- Required action: Would you transcribe the listing that follows, character for character, and omit its images?

- Data provided:

##############################

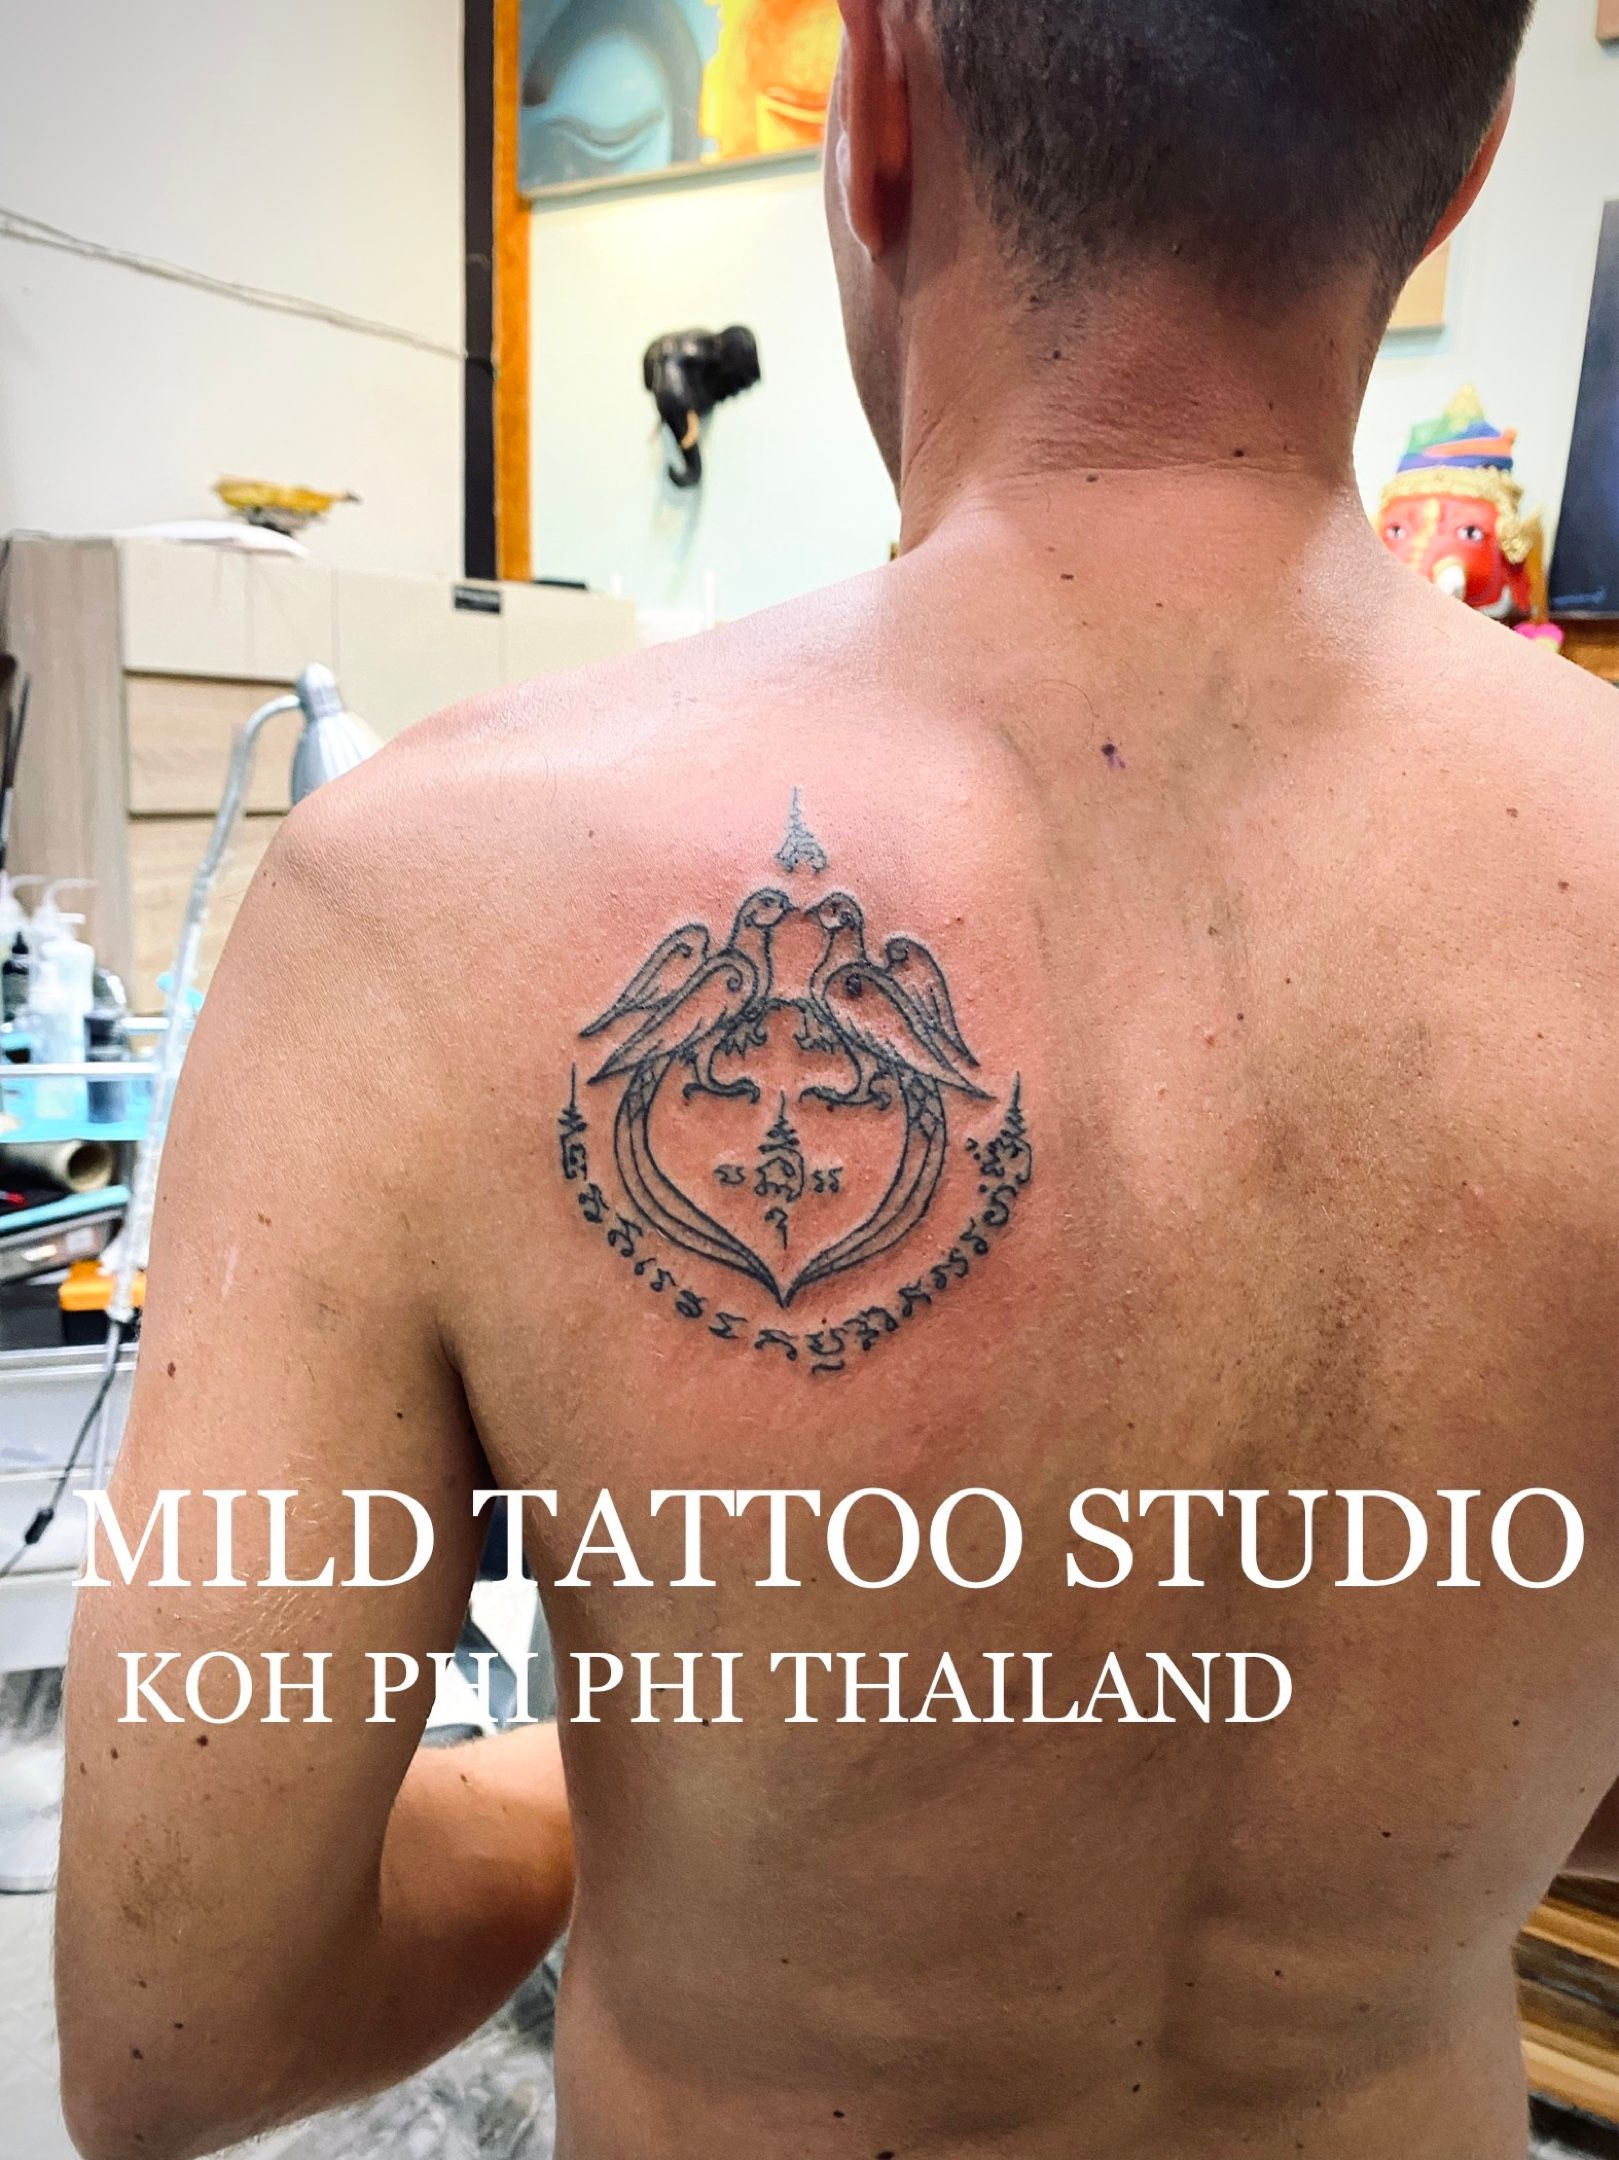 MILD TATTOO PHI PHI STUDIO BAMBOO TATTOO THAILAND on X: 
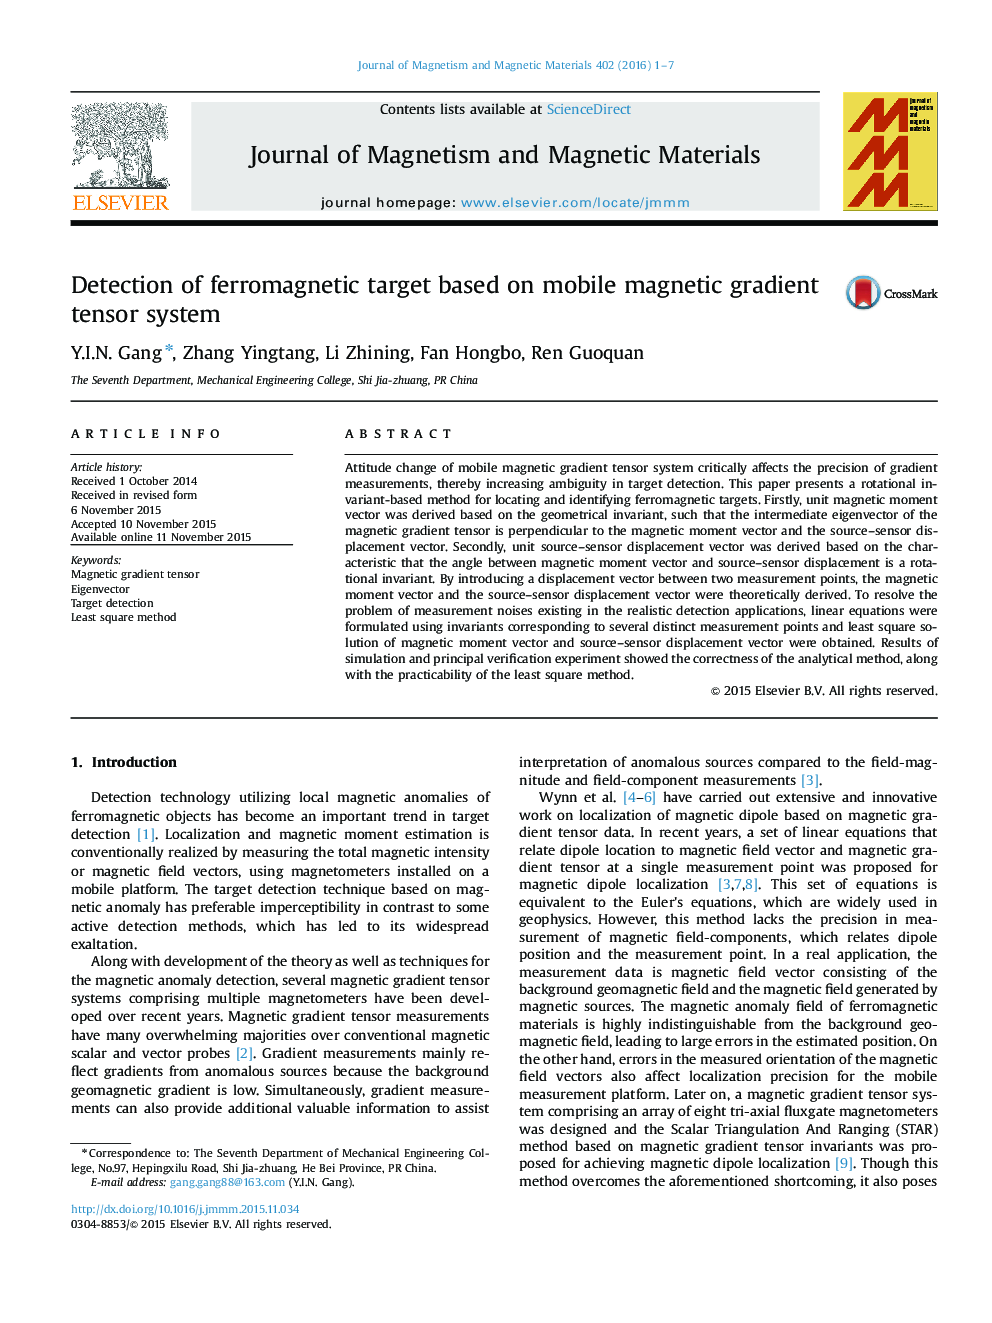 Detection of ferromagnetic target based on mobile magnetic gradient tensor system
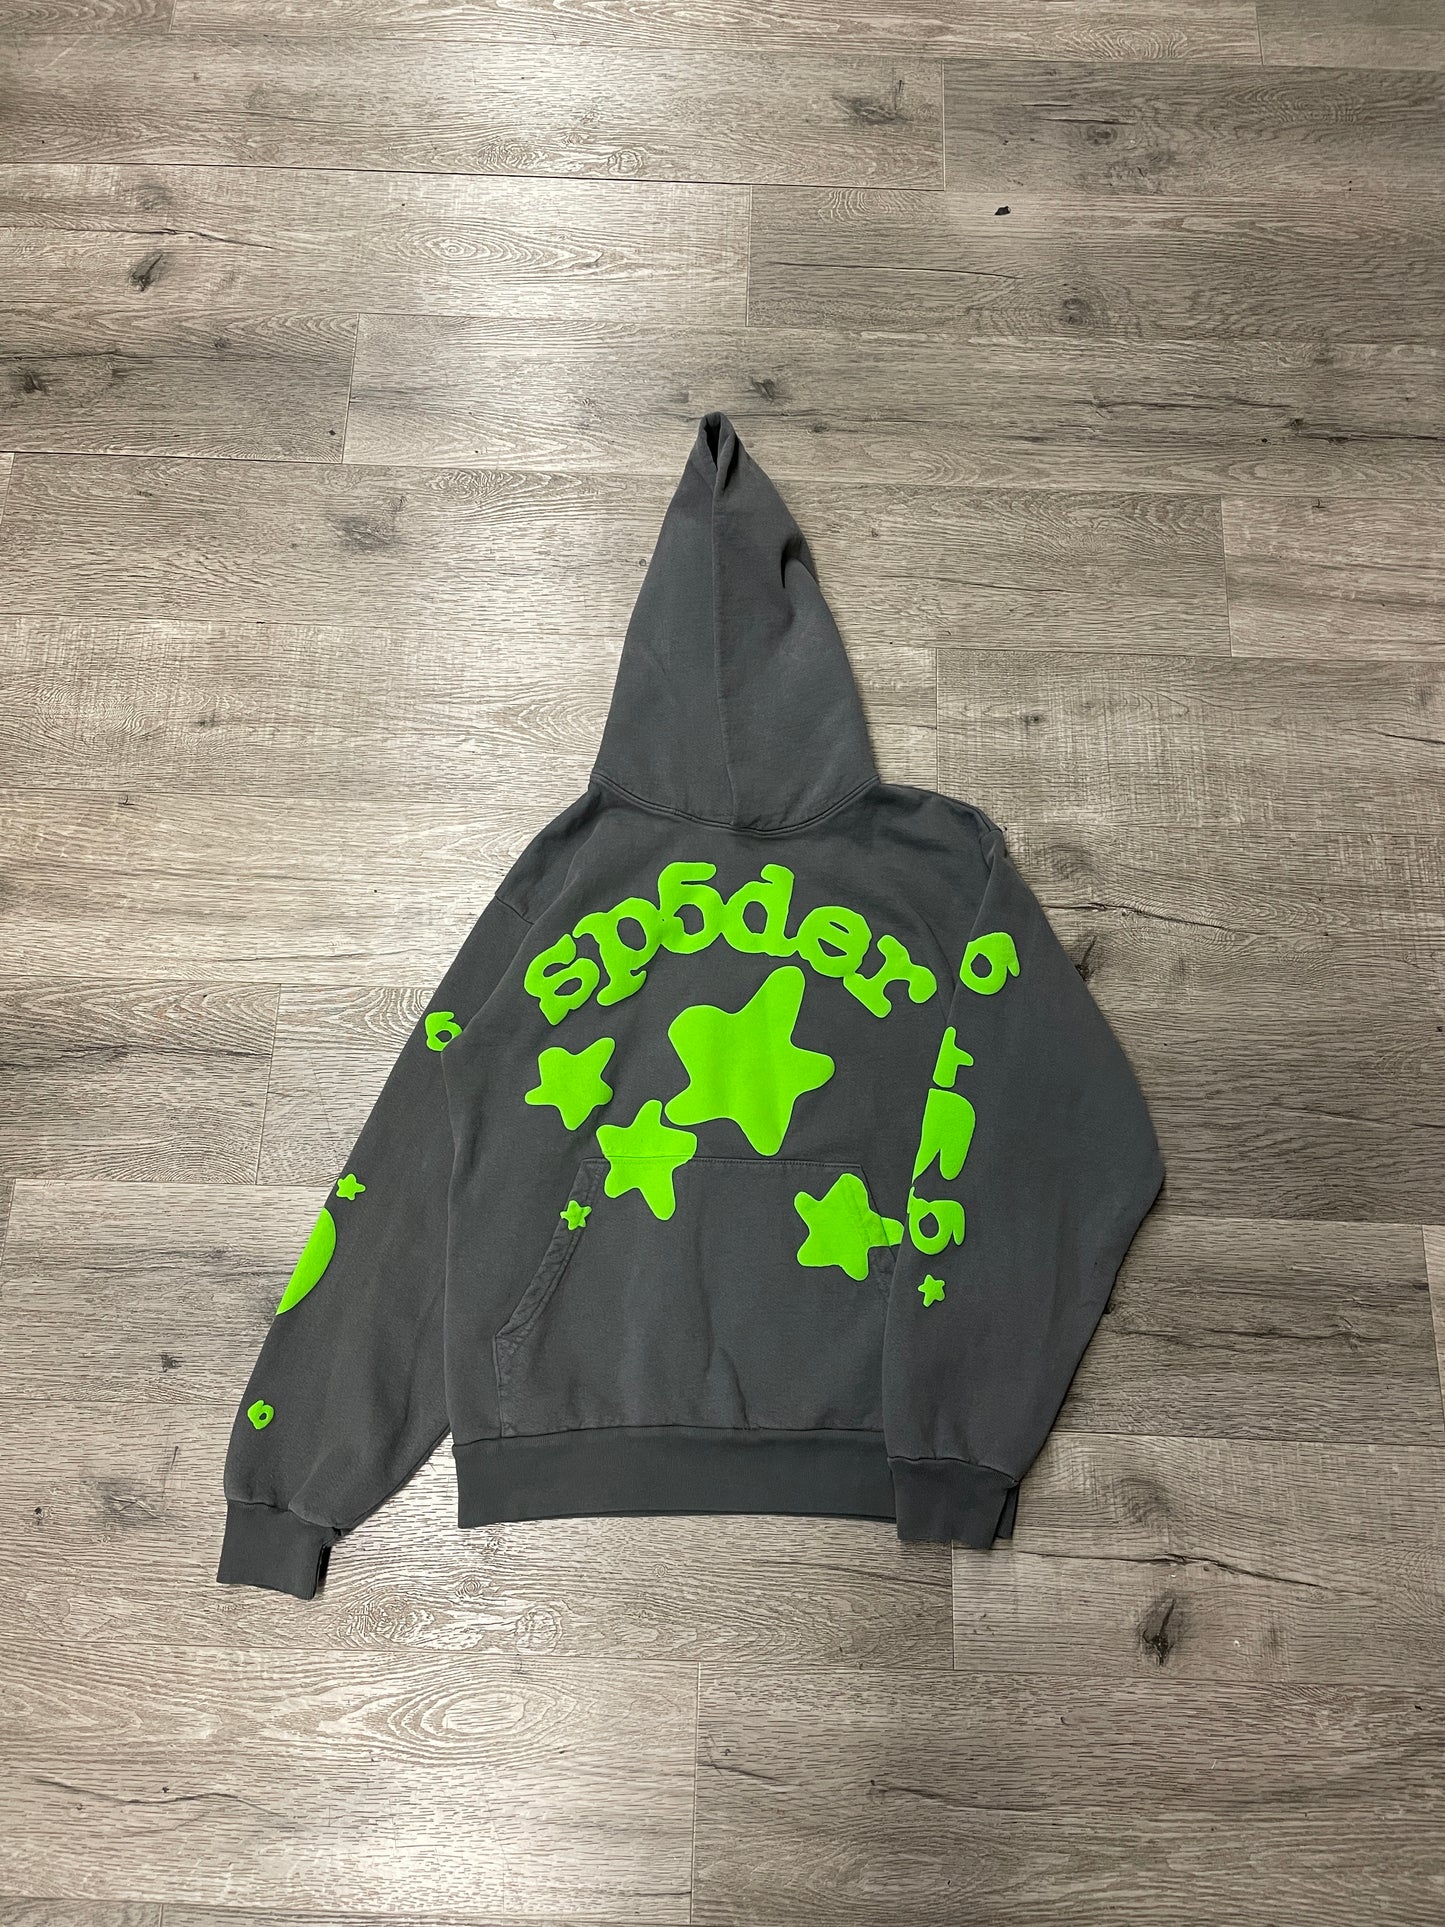 Sp5der Grey/Green Hood

##############################

- Output of the exercise:
 MILD TATTOO PHI PHI STUDIO BAMBOO TATTOO THAILAND on X: 
 Detection of ferromagnetic target based on mobile magnetic gradient tensor system
 Sp5der Grey/Green Hood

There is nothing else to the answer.